The Register: Cerebras gives waferscale chips inferencing twist, claims 1,800 token per sec generation rates

Source URL: https://www.theregister.com/2024/08/27/cerebras_ai_inference/
Source: The Register
Title: Cerebras gives waferscale chips inferencing twist, claims 1,800 token per sec generation rates

Feedly Summary: Faster than you can read? More like blink and you’ll miss the hallucination
Hot Chips Inference performance in many modern generative AI workloads is usually a function of memory bandwidth rather than compute. The faster you can shuttle bits in and out of a high-bandwidth memory (HBM) the faster the model can generate a response.…

AI Summary and Description: Yes

Summary: The text discusses the performance capabilities of Cerebras Systems’ new inference offering based on its WSE-3 accelerator, which utilizes SRAM instead of high-bandwidth memory (HBM) for rapid processing of generative AI models. CEO Andrew Feldman claims that this innovation allows for significantly faster token generation rates for large language models (LLMs), potentially revolutionizing AI usage similar to the way broadband transformed internet access.

Detailed Description:
– **Key Performance Insights**:
– Cerebras’ WSE-3 accelerator can achieve processing speeds of up to 1,800 tokens per second for the Llama 3.1 model, a substantial improvement over H100 instances.
– When distributing a 70 billion parameter model across its CS-3 systems, Cerebras claims to reach 450 tokens per second, greatly surpassing Nvidia’s H100 capabilities.

– **Technological Shift**:
– The use of SRAM provides high performance with 21 PBps of bandwidth compared to HBM’s 4.8 TBps, indicating a shift in how AI models can be accessed and executed.
– Cerebras has modified its compiler to effectively run multiple layers on a chip simultaneously, optimizing the architecture for inference tasks.

– **Batch Processing and Latency**:
– The architecture is designed to support larger batch sizes, aimed at minimizing latency for user interactions and enabling iterative processes for models.
– By parallelizing models across multiple systems, Cerebras seeks to balance the need for capacity with performance, even when some latency from inter-system communication is inherent.

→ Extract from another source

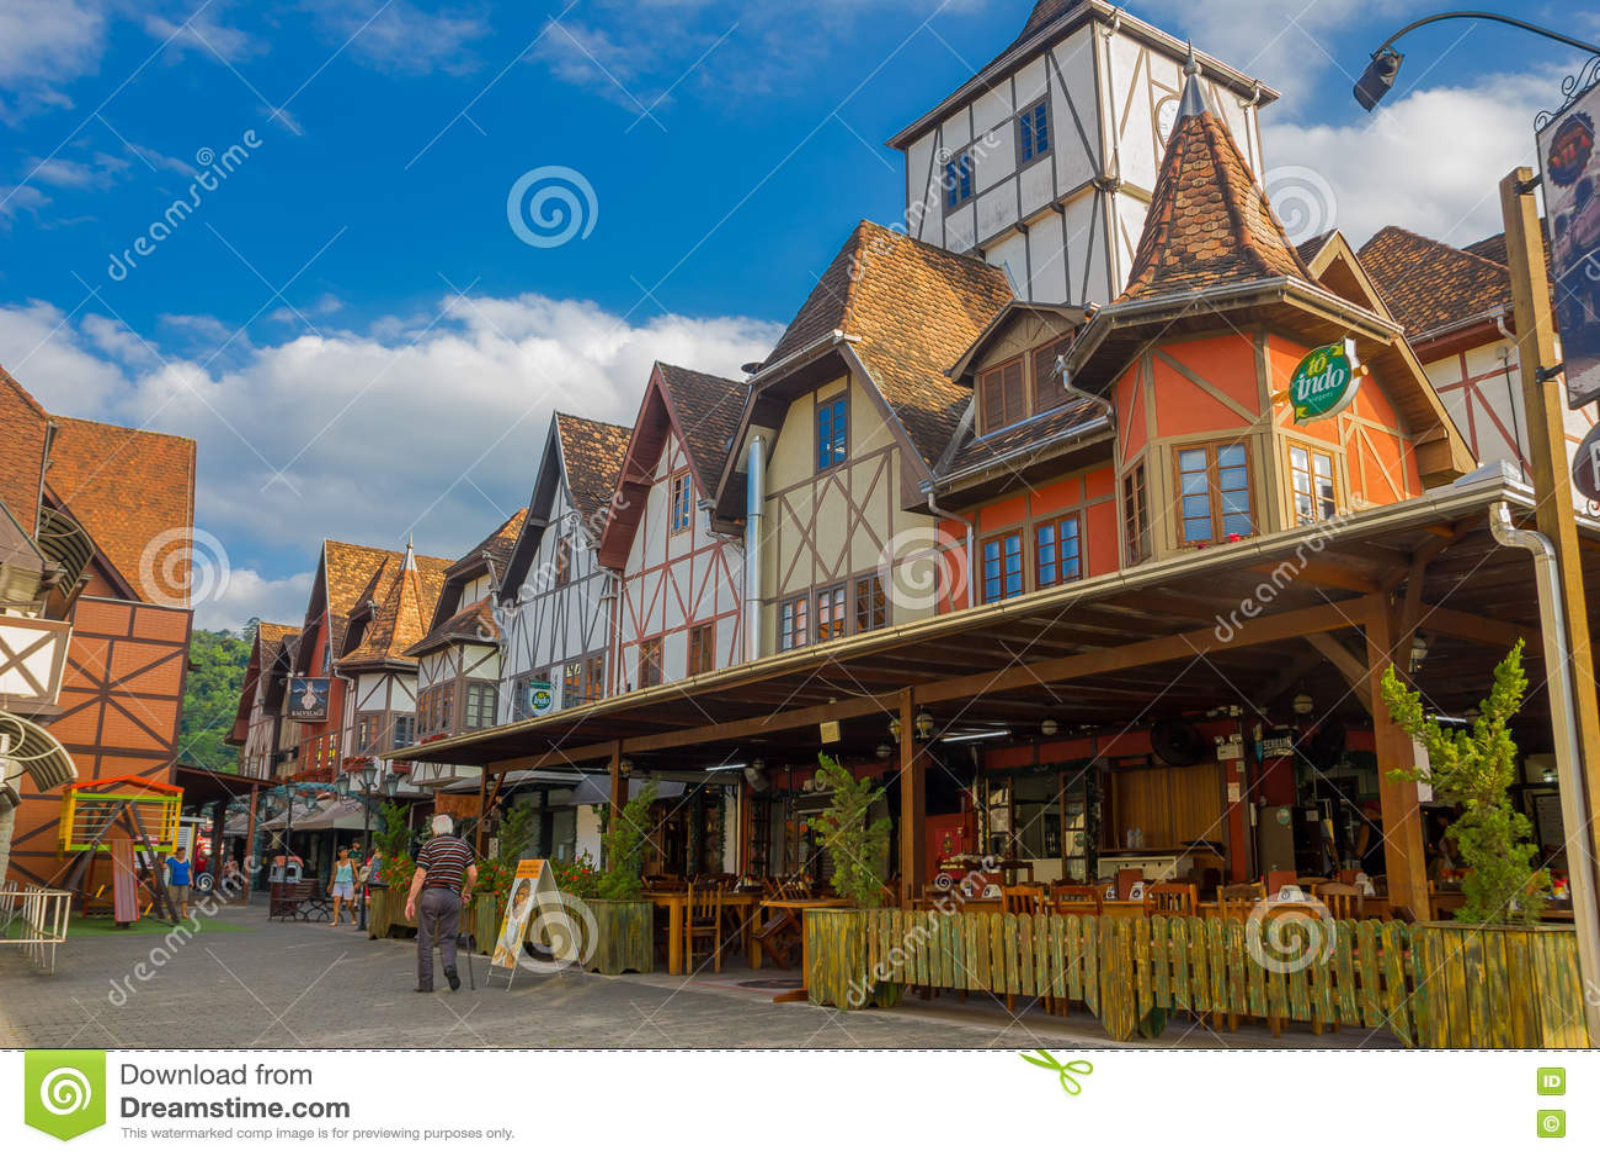 BLUMENAU, BRAZIL - MAY 10, 2016: nice local restaurant in the corner of the street, german style houses
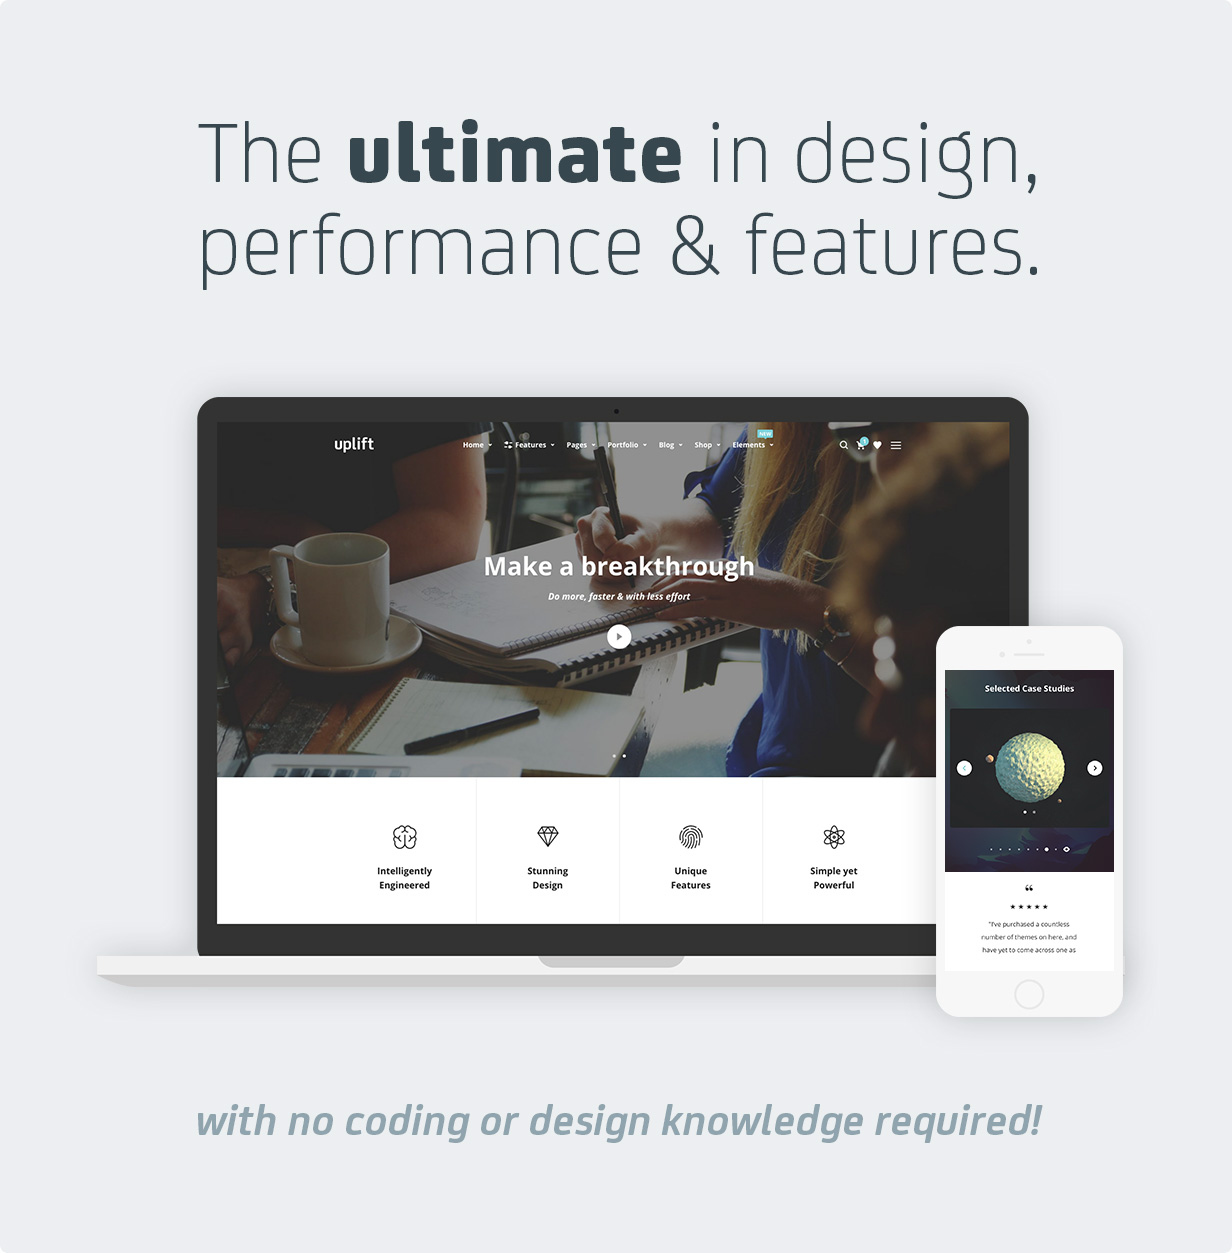 uplift 1 hero v3 - Uplift - Responsive Multi-Purpose WordPress Theme

– **Comparison to Competitors**:
– The text notes similarities and differences between Cerebras’ approach and that of its competitor Groq, particularly in their reliance on SRAM.
– While both companies pursue high performance, Groq reportedly requires a larger number of systems (576 LPUs) to achieve lower token generation rates than what Cerebras accomplishes with fewer accelerators.

– **Market Implications**:
– The innovation is expected to make generative AI more accessible, potentially reducing the delays currently seen in the industry and allowing for more complex agentic AI applications.
– Cerebras aims to undercut the competition financially by offering its services at 60 cents per million tokens, compared to H100’s $2.90, which could incentivize adoption among developers.

– **Future Directions**:
– The company plans to expand the supported models, including the recently developed 405 billion parameter variant of Llama 3, indicating ongoing innovation and responsiveness to industry needs.
– Cerebras will also offer on-premise systems for customers in regulated industries, signaling a commitment to security and tailored solutions.

This text is highly relevant for AI, hardware security, and cloud computing professionals, emphasizing the importance of evaluating performance enhancements and cost efficiencies as they integrate generative AI into their infrastructures.